Bluff masters: White-ball cricket’s ultimate sucker punch
The slower delivery can leave even top batters look like amateurs but the sheer joy of it lies in the set-up
It has almost been drilled into us. Over and over again. If you have watched enough cricket, you would have heard Sunil Gavaskar talking about West Indies and about fast bowling. And once the conversation turns in that direction, the great India opener invariably brings up Andy Roberts.
“I think Andy is the finest fast bowler I have ever faced,” he once said. And given that he faced a lot of genuine fast bowling, that isn’t a compliment to be taken lightly. The reason the West Indies stalwart was rated so highly was a simple one: he was intelligent. Always thinking, always evolving, and it didn't matter if you were past 100, you always had to be watchful against him.
One of Roberts’ favourite party tricks was his bouncer – a two-paced weapon of deception that almost no one could ever quite call. Some would call it a slower bouncer but the pace legend himself revealed that it wasn't the slower one that did the damage, rather it was the quicker one that followed.

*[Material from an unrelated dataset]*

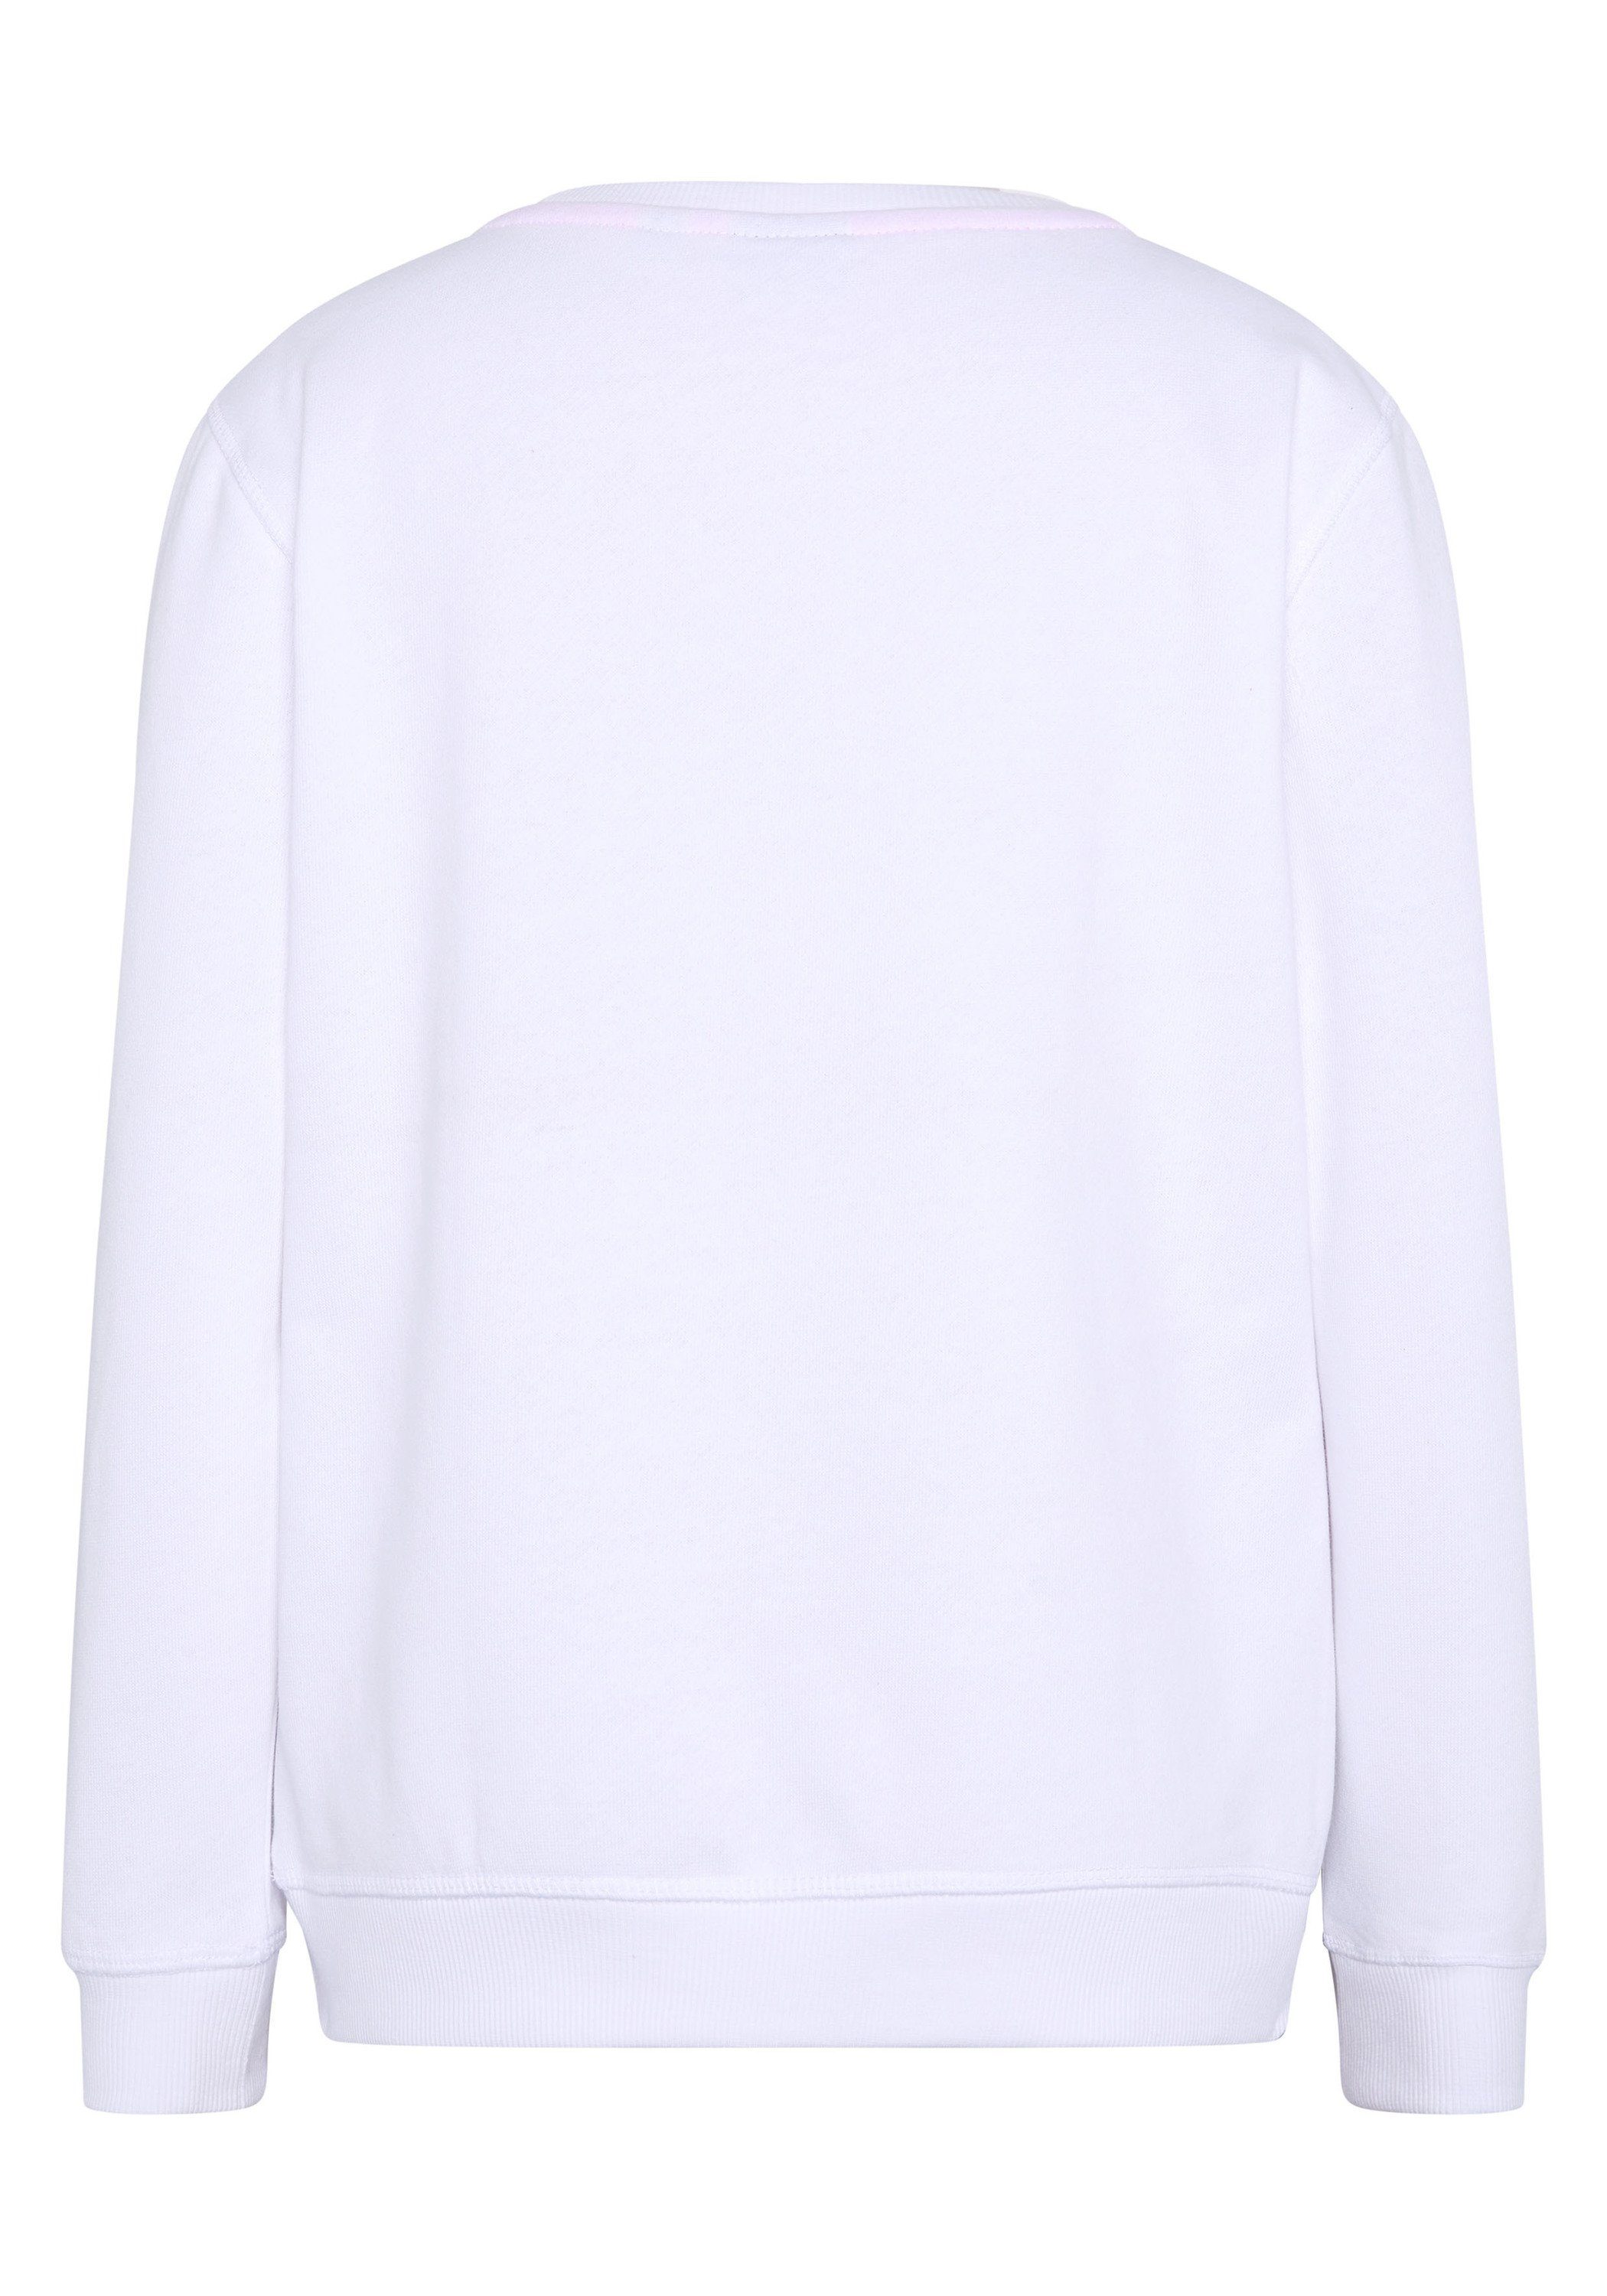 Sylt White Bright mit 11-0601 Sweatshirt Logodesign Polo floralem

The slower bouncer, bowled at around 85 mph, would lull the batter into thinking that they could easily play the pull or hook against it. And just when it looked like they had found their comfort zone, Roberts would unleash a quicker bouncer – around 90 mph or more – and get the wicket.
At the end of the day, batting is all about timing. Get your bat down to meet the ball at the right time and the ball will speed off in the desired direction. Get it wrong and it will go nowhere; worse still, you could get dismissed. Roberts’ change of pace would rob the batters of timing, and often that is all that was needed.
There were others who did it too (Dennis Lillee and so many others liked their cutters) but Roberts was the scientist, experimenting with pace, seam/cross-seam, lines and angles. It was an all-consuming passion. But when the fast bowler retired in 1983, for a while it seemed like the slower ball variation went into hibernation as well.
However, with ODI cricket taking over and batters started to feel the pressure to play shots, bowlers started dipping into their bag of tricks once again. Reverse swing was a weapon of choice, but Wasim Akram found ways to combine that with slower balls. It made him unstoppable and it made the tactic a must have.
Now, every bowler worth his salt worked on a slower ball. Some clues were derived from baseball, some from the past. The cutters and the slower bouncers were soon overtaken by the back-of-the-hand and knuckleball varieties. The split-finger variation had limited success.
With reverse swing starting to go out of the game due to two balls being used from either end, the change of pace has become vital for bowlers.
The faster the game got, the harder the batters tried to hit and the more easily they got suckered into playing the false shot. The trick, though, was always in the set-up.
A different timing
Australian all-rounder Ian ‘The Freak’ Harvey could reportedly bowl a different kind of slower delivery for every ball in an over but he believed that the most important thing was knowing when to bowl it.
And that is an art Jasprit Bumrah seems to have mastered. From the slower ball that got Shaun Marsh out at the MCG to set up India's first-ever Test series win in Australia in 2018 to the off-cutter that foxed Mohammad Rizwan in Ahmedabad on Saturday, the India pacer just has the knack of landing the sucker punch.
“When I was young, I used to ask a lot of questions, so that has helped me develop a lot of knowledge,” said Bumrah after India’s seven-wicket win over Pakistan. “I like to read the wickets and try a lot of options.”
When asked about Rizwan's wicket, he said: “I saw Jaddu’s ball was turning, so I count my slower ball as a spinner’s slower ball. I thought that can make the run-scoring tough and it worked. Sometimes it goes that way.”
The great trick, though, is to keep the batter guessing. For that to happen, you need to assess the conditions, understand the game situation and get your field right. Everything can be used to plant a fresh doubt in the mind of the batter or simply make them complacent. Send them one way and strike from the other. It is a game of bluff and everything counts.
Dwayne Bravo earned his chops thanks to the slower ball, Chris Carins’ delivery would almost drop on to the batters (search for Chris Read), Zaheer Khan's knuckleball was just as special while Venkatesh Prasad’s leg-cutter took some getting used to.
Much of what Lasith Malinga taught Bumrah during their days at Mumbai Indians is the base but so much more has been added on top of it by the India pacer.
In Malinga’s case, the set-up was more basic. High pace followed by the off-cutter. It worked because the pace demanded that batters get into their shots early. Bumrah doesn’t have the same pace, but his movement and subtle changes of angle help him manoeuvre the batter into a corner.
It doesn’t always work but when it does, it leaves the batter looking like someone who had picked up the bat for the first time. Rizwan did not look like someone who was batting on 49, rather he looked like an embarrassed amateur.
The same ball may not have worked as well in Australia or England but here it gripped and completely tilted the match towards the home team. It was, in the minds of many Indians, more than just a little change of pace.